### RECORDED DATA
————
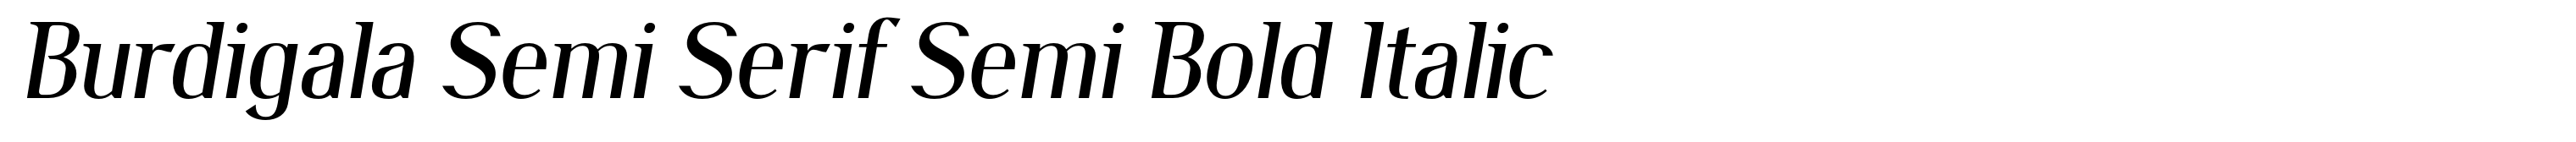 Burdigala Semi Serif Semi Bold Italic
————
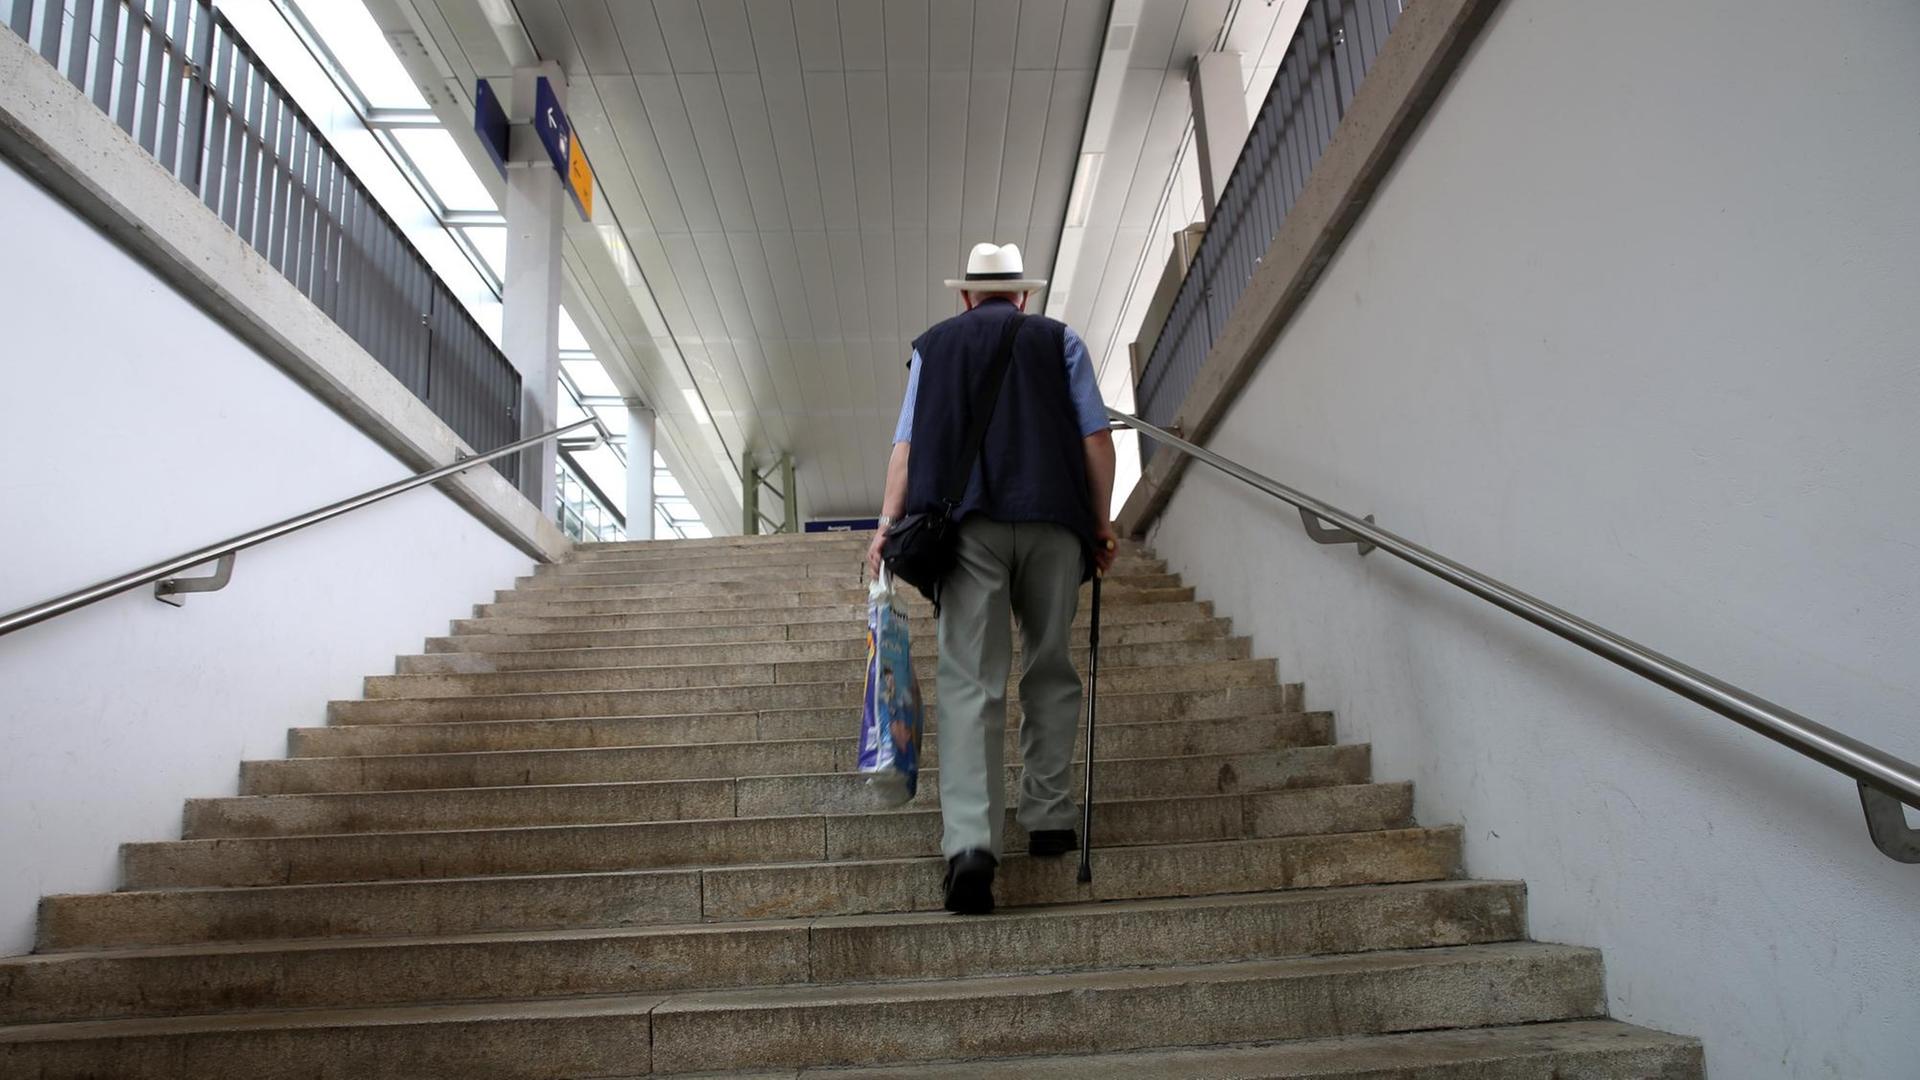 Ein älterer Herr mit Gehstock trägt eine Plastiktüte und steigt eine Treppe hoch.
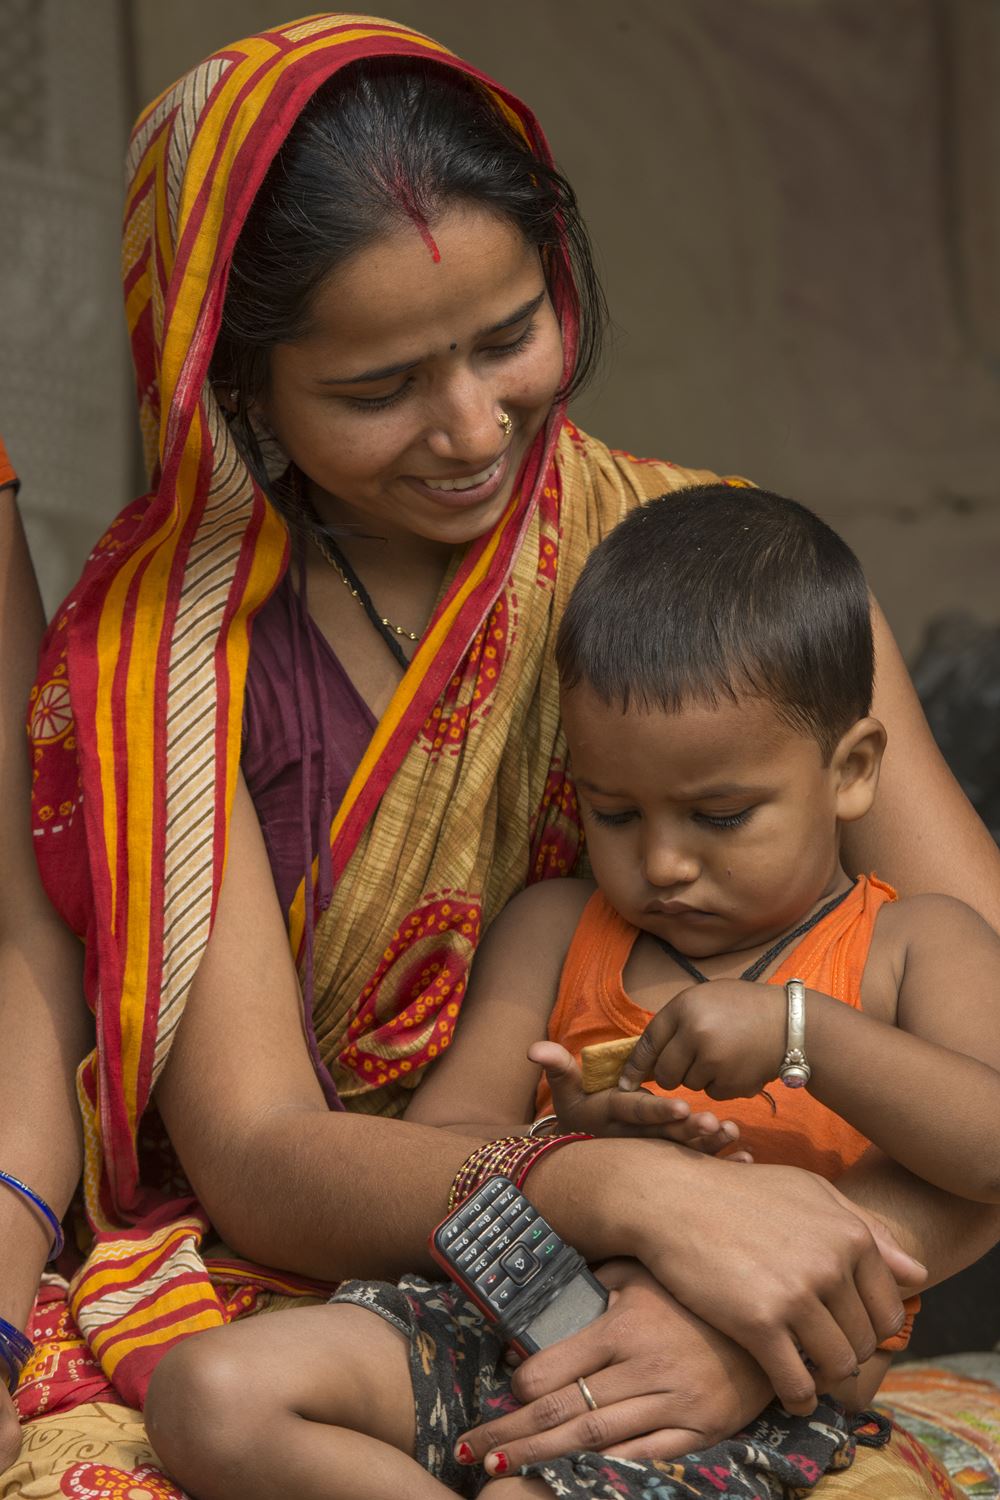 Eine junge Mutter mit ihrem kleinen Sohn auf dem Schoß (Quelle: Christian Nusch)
————
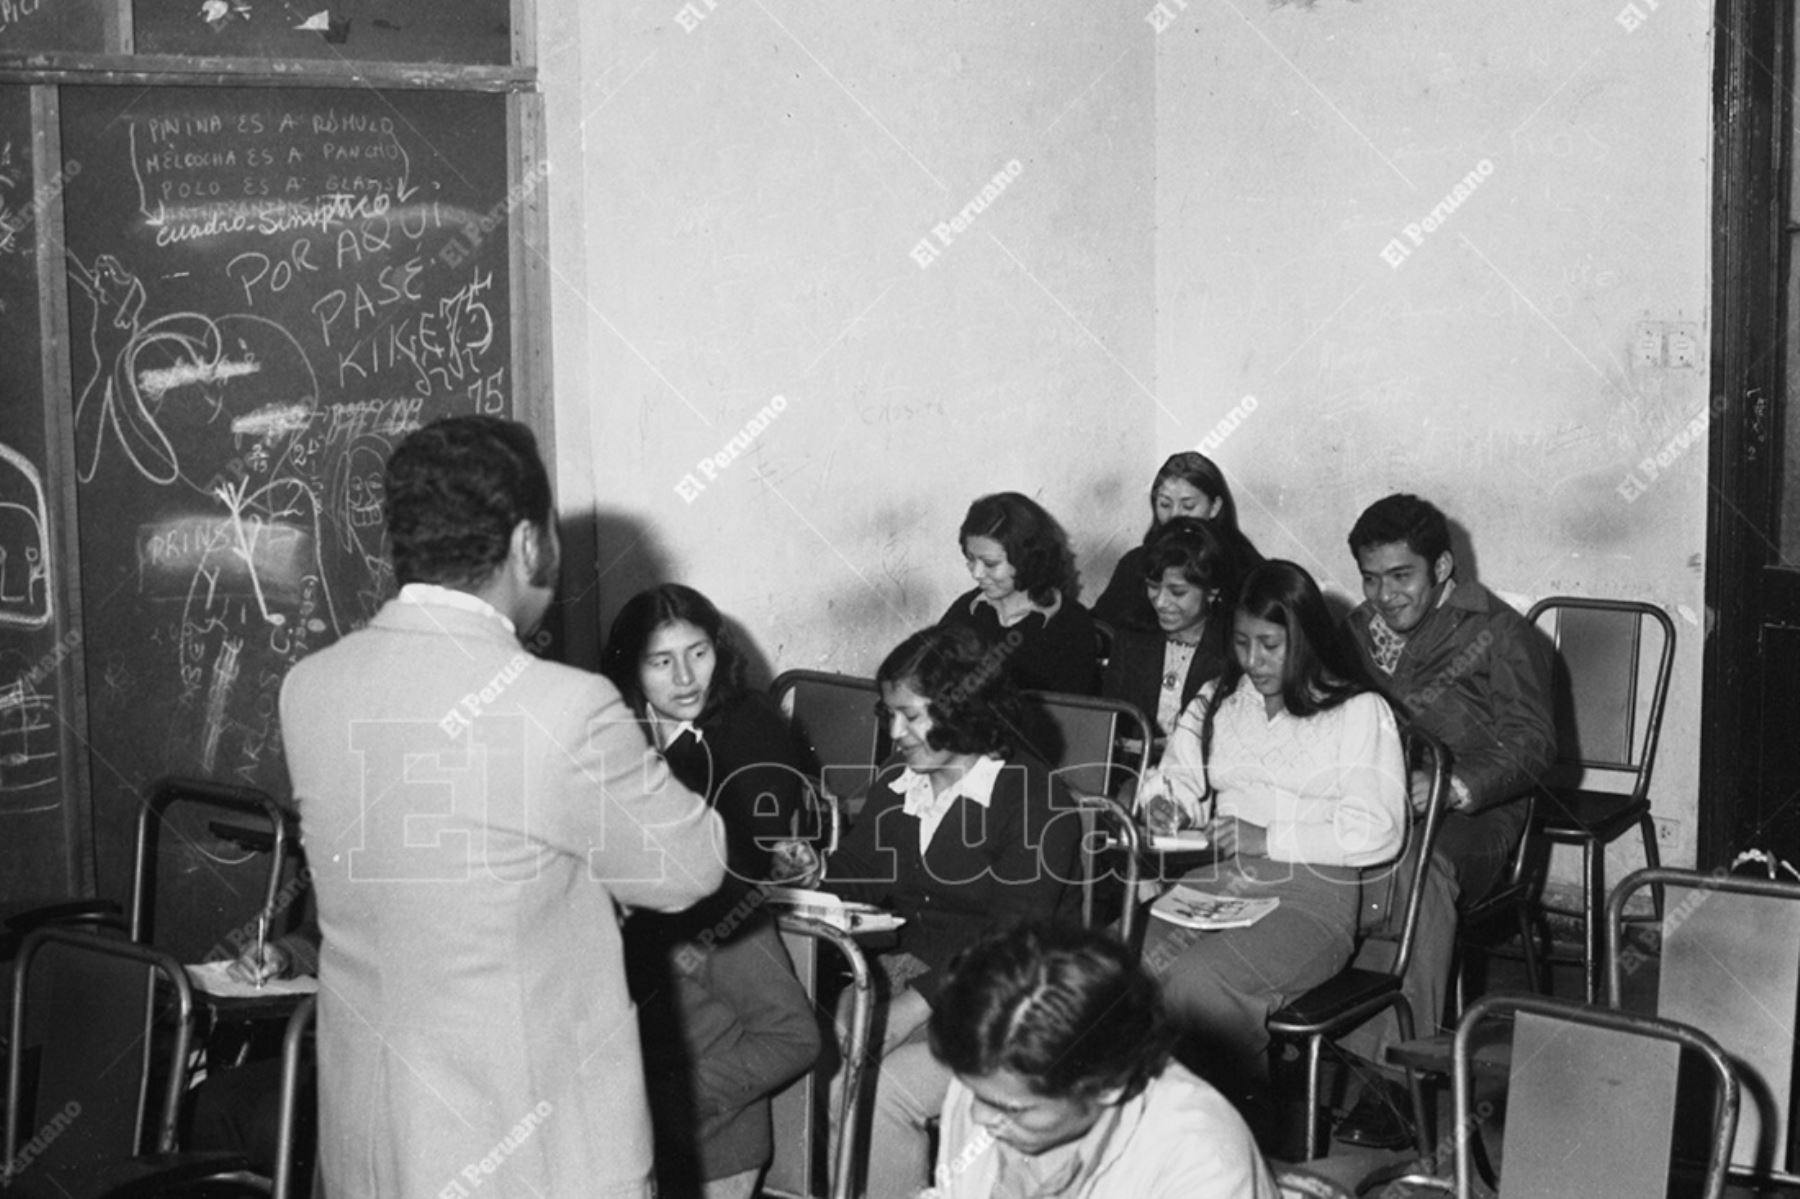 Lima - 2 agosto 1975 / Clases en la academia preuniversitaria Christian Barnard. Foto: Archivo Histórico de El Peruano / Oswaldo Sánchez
————
### TASK OBJECTIVE
Every line above from the one with "Ein älterer Herr" down to the one with "Eine junge Mutter" must be written out exactly, and no picture may appear.

### ANSWER
 Ein älterer Herr mit Gehstock trägt eine Plastiktüte und steigt eine Treppe hoch.
 Eine junge Mutter mit ihrem kleinen Sohn auf dem Schoß (Quelle: Christian Nusch)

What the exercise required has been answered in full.